Paper: https://arxiv.org/html/2605.03546v1
Google is facing a bit of a WTF backlash: most recent version of Chrome automatically downloads a 4GB Gemini model onto users’ devices without consent - and the file reportedly redownloads itself if deleted. Privacy researchers have filed formal complaints under GDPR and ePrivacy laws - and as a cherry on top of the cake, the move violates Google’s own "best practice" developer guidelines (by failing to inform users before utilizing their local storage as infrastructure).
To uninstall the whole thing: open Chrome, go to Settings, then System, and then toggle “On-device AI” to be off.
Mira Murati is a bit busy testifying in the Musk-Altman soap opera lawsuit, but that’s not her main occupation. Her new outfit Thinking Machines Lab aims to eliminate what they call the “bandwidth bottleneck” of current AI. How? By shifting from sequential processing to a 276B parameter multimodal interaction model:
The system processes audio, video, and text simultaneously in 200ms chunks, enabling “true real-time perception and action”.
An “interaction layer” manages conversational flow and cues while a “background layer” handles heavy reasoning and tool calls.
The idea is for a model to listen and watch while generating, mirroring what TML claim is natural human engagement.
Benchmarks show a 64.7% success rate on timed speech tasks, vastly outperforming current industry standards for real-time interaction.
Big fat disclaimer: there is a technical report with impressive looking benchmarks, but nothing more concrete: TML declare that “In the coming months, we will open a limited research preview to collect feedback, with a wider release later this year.”

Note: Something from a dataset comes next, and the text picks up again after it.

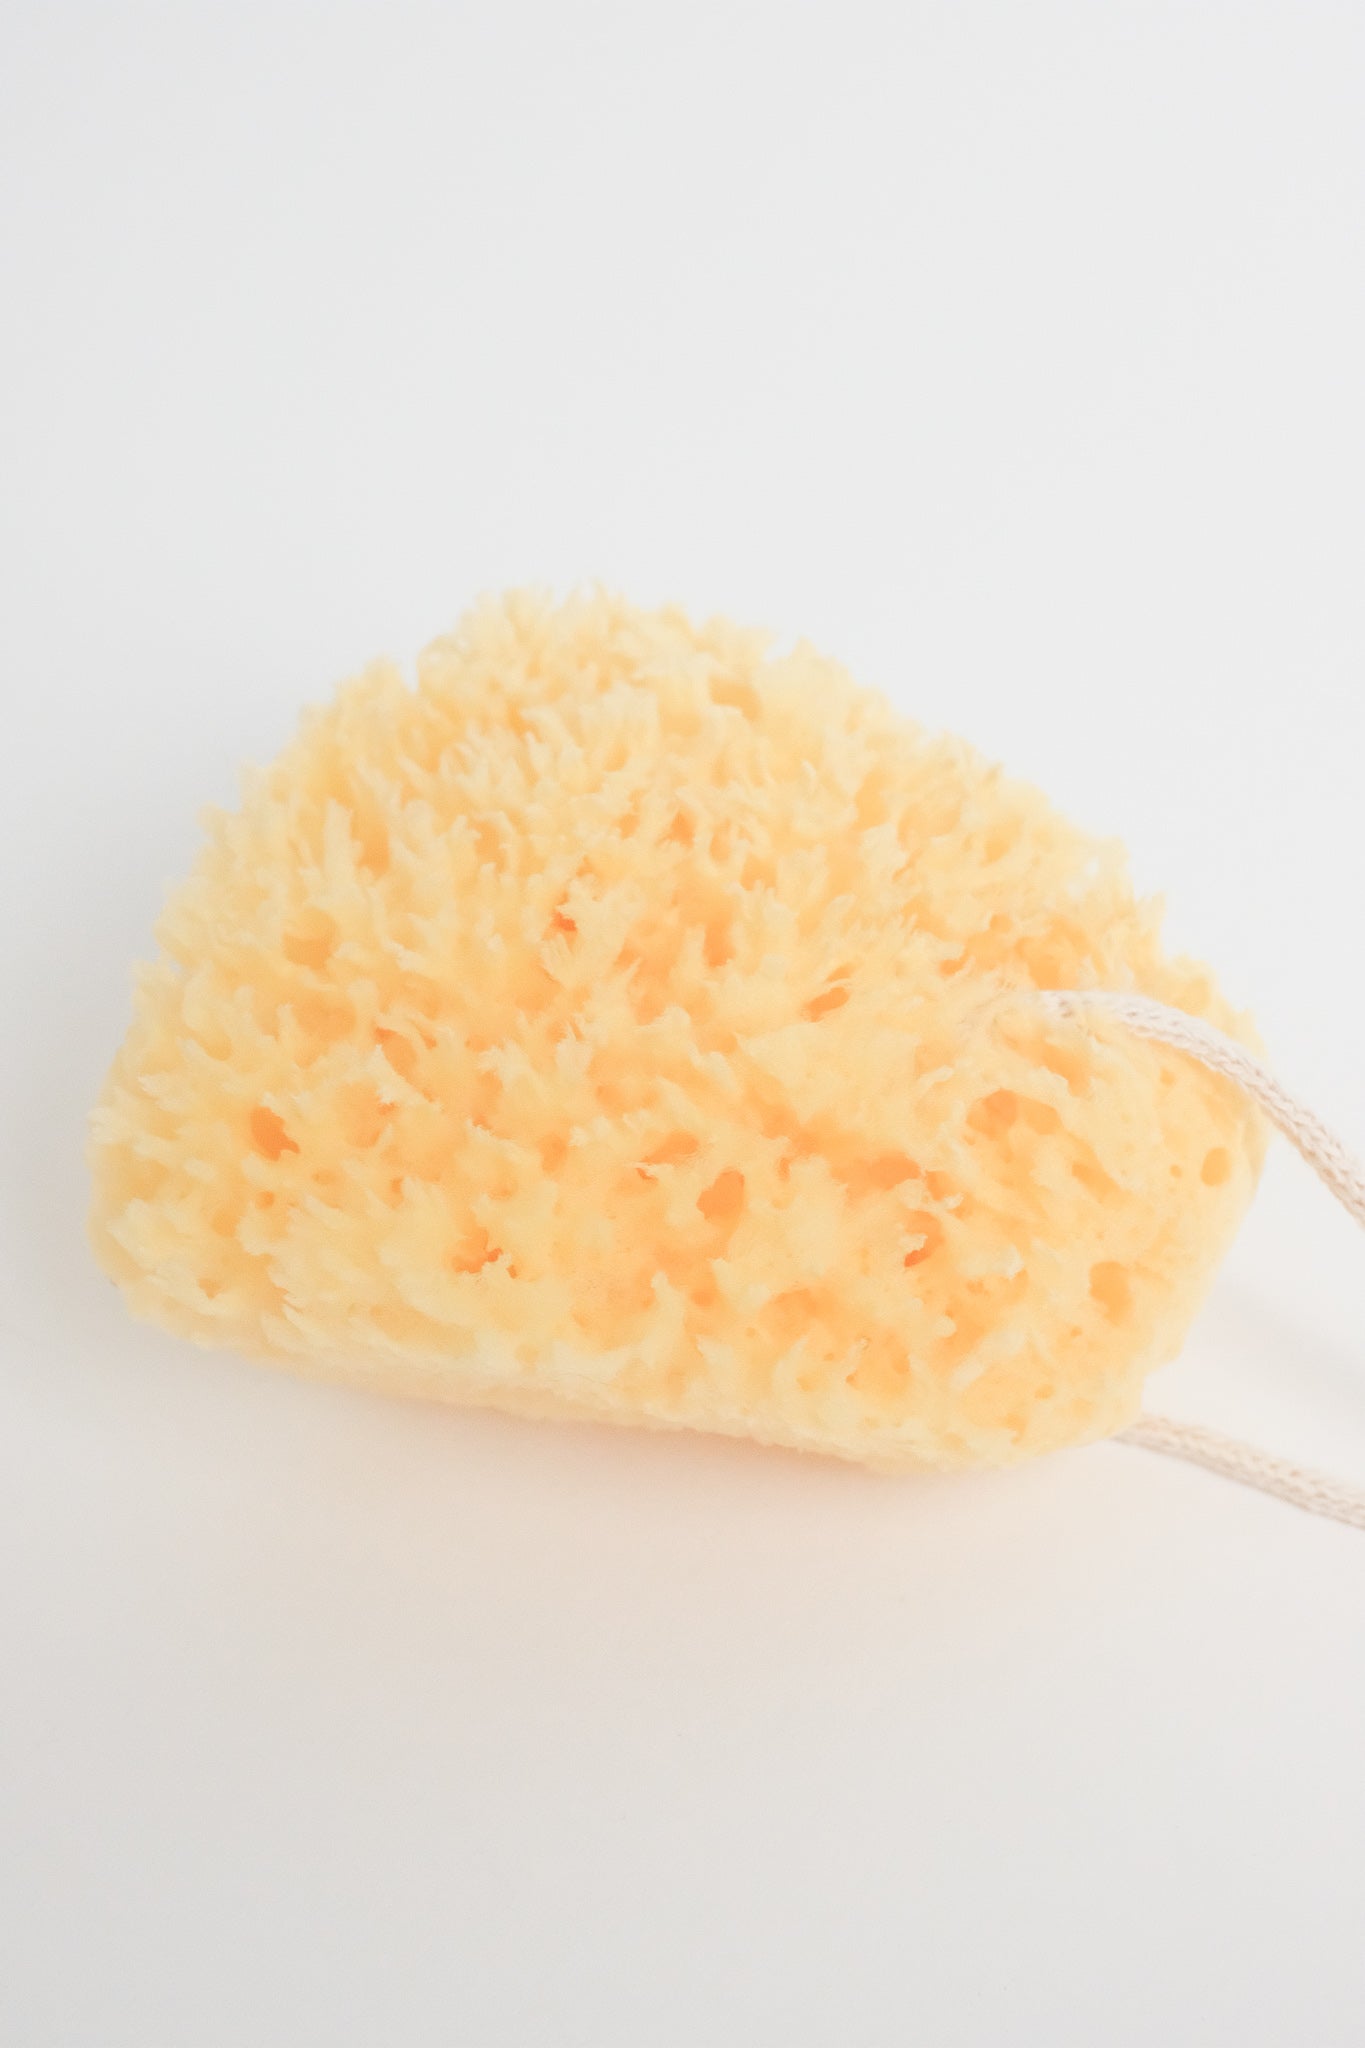 sponges s/2, soft scrub - Whisk

https://thinkingmachines.ai/blog/interaction-models/
BUSINESS
TL;DR Canadian companies will do everything - except hire Canadians.
Union leaders and academics are sounding alarms over the use of AI to mask the accents of offshore call center workers in real time, citing - quite correctly - concerns over customer deception and domestic job security. Evidence presented to a parliamentary committee suggests at least one of Canada’s “Big Three” telecommunications companies is already utilizing this technology for their international agents.

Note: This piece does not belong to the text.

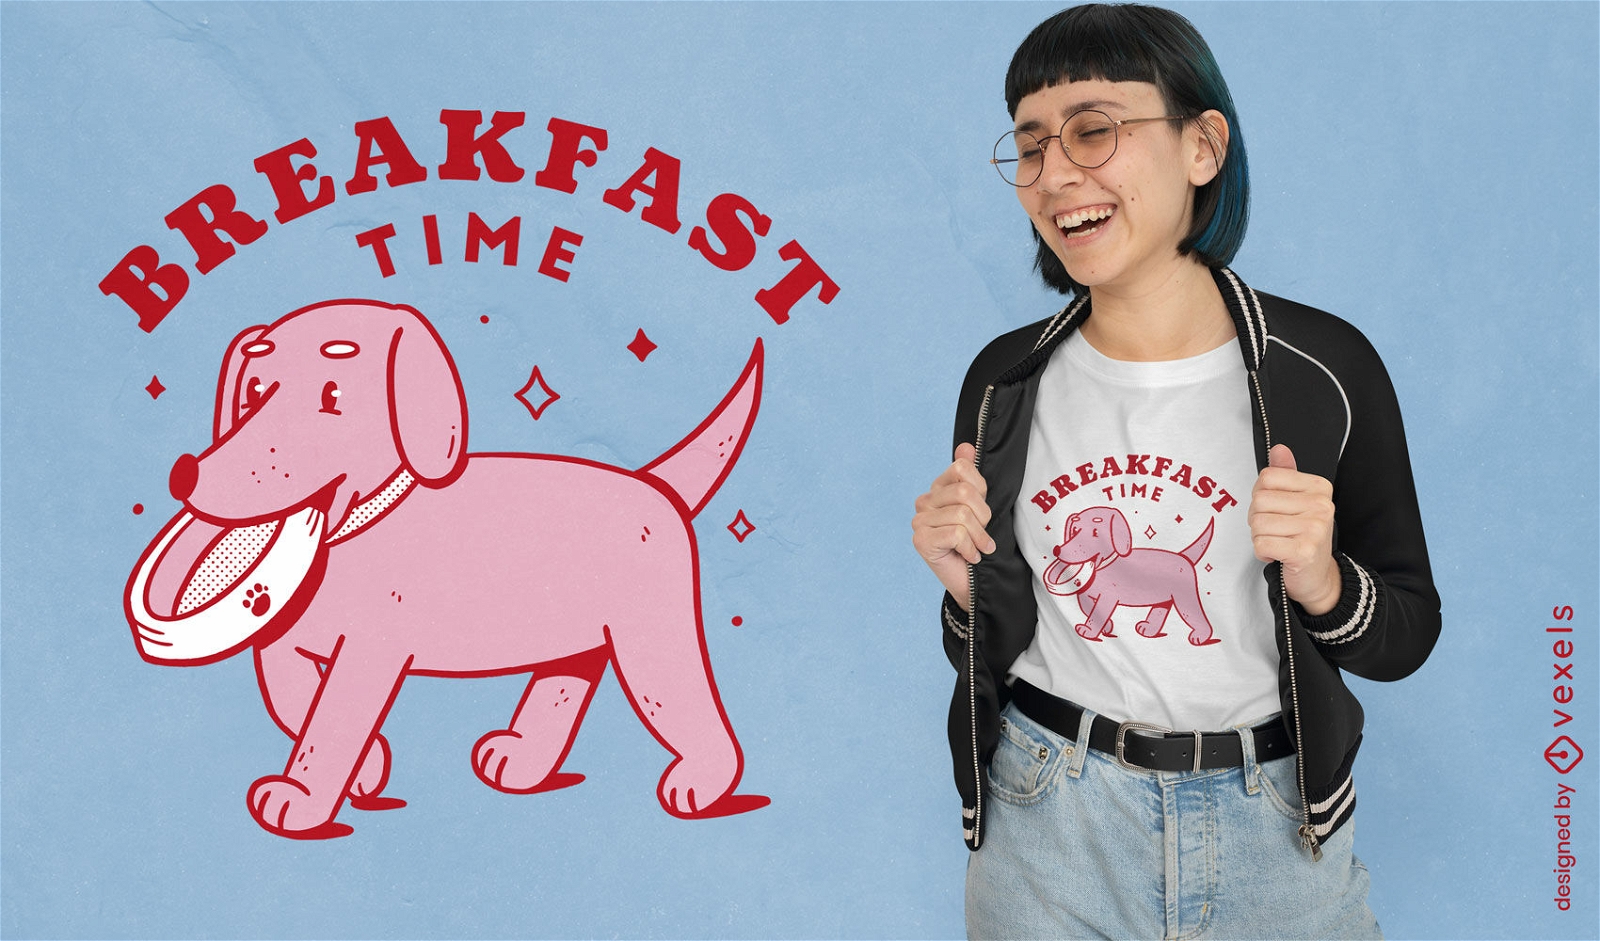 Diseño de camiseta de perro a la hora del desayuno.

https://www.theglobeandmail.com/business/article-telus-ai-accents-customer-service-agents/
Henry John Temple, a.k.a. Lord Palmerston, famously declared once “We have no eternal allies, and we have no perpetual enemies. Our interests are eternal and perpetual, and those interests it is our duty to follow”. It seems like Elon Musk, a.k.a. the Iron Man we deserve, decided to take a page from the erstwhile British PM playbook:
In a deal worth ~USD 3B / year, Elon Musk has leased SpaceX’s 220k GPU supercomputer to Anthropic
This makes SpaceX something of a big deal when it comes to cloud infrastructure. The fact that it’s ahead of an IPO is a total coincidence.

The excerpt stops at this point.